Ally Financial’s initial public offering last week benefits dealers because Ally expects to be able to compete more aggressively for subprime business after it sheds government ownership.
“Our cost of funds will diminish” without government ownership, Ally CEO Michael Carpenter told Automotive News in a phone interview on April 10.
Ally is moving on several fronts to lower its cost of funds, such as paying off older, higher-interest debt. Another one is dropping government ownership, which imposes an extra layer of regulation. After the IPO, the U.S. Treasury still owns 17 percent of Ally, down from 37 percent before -- a holdover from the auto industry bailout in the last recession.
Ally shares started trading on the New York Stock Exchange on April 10. That makes it far easier for the government to sell its remaining share. The IPO last week consisted of 95 million shares belonging to the U.S. Treasury. The offering raised about $2.4 billion for the government.
Limits on using deposits
One side effect of government ownership is that Ally can’t use bank deposits -- an inexpensive source of funding accessible through its online banking franchise -- to fund riskier loans for customers with credit scores between 620 and 660, the auto lender said. Ally still makes loans to customers in that range, but it has to use more expensive funding sources.
Credit score ranges differ among companies, but generally, scores between 620 and 660 are at the higher end of the subprime category, sometimes called near prime.
Ally says it’s not planning any sudden moves in subprime.

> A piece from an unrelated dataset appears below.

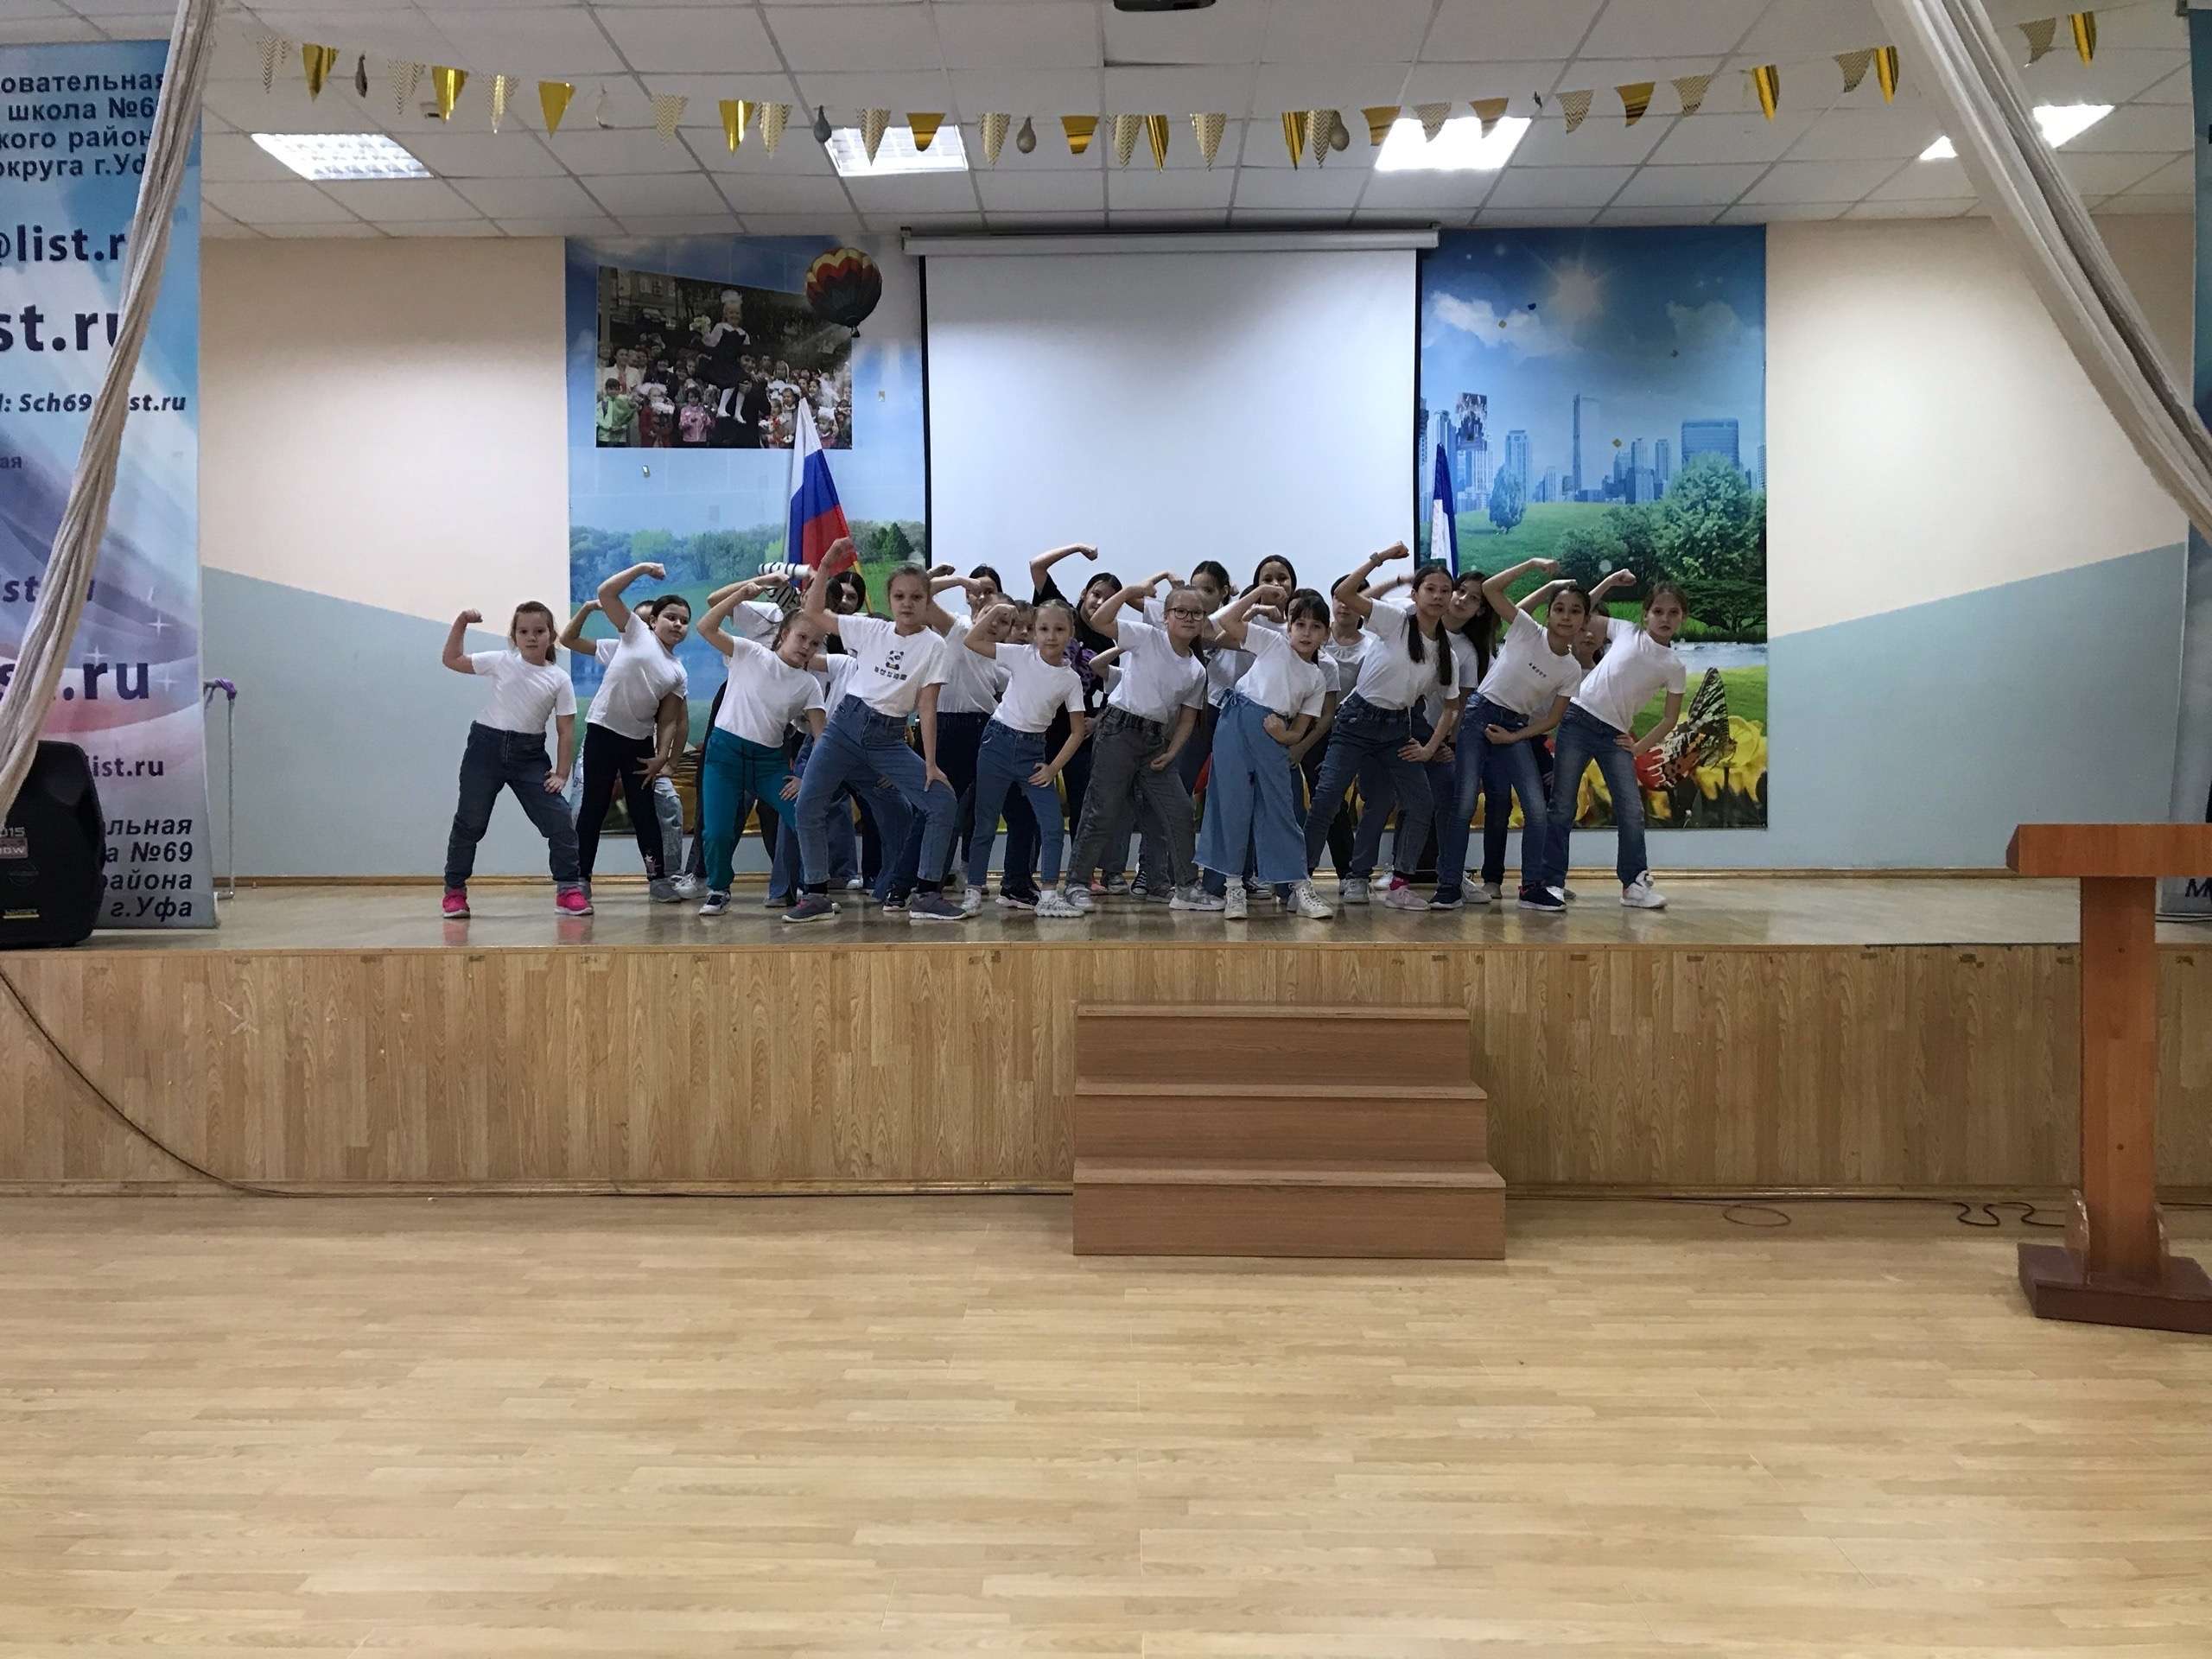 Сегодня в «Центре образования 69» как и во многих школах города Уфы , прошло очень серьезное мероприятие,  Открытие Первичного отделения Всероссийского движения детей и молодёжи «Движение Первых»

The company said in a filing with the Securities and Exchange Commission that subprime loans currently account for about 11 percent of its outstanding loans.
Spokeswoman Gina Proia said the auto lender is OK with its current mix of prime and subprime.
However, a lower cost of funds would provide Ally with more options. Those include higher margins on subprime business, managing margins to protect its share, or lowering margins to gain share.
“What can the dealer community expect? In many ways, more of the same,” Carpenter said.
“I do think more flexibility going forward, as regulators cut us some slack on below-660” business and “things of that kind,” he said. “Our whole strategy is dealer-centric.”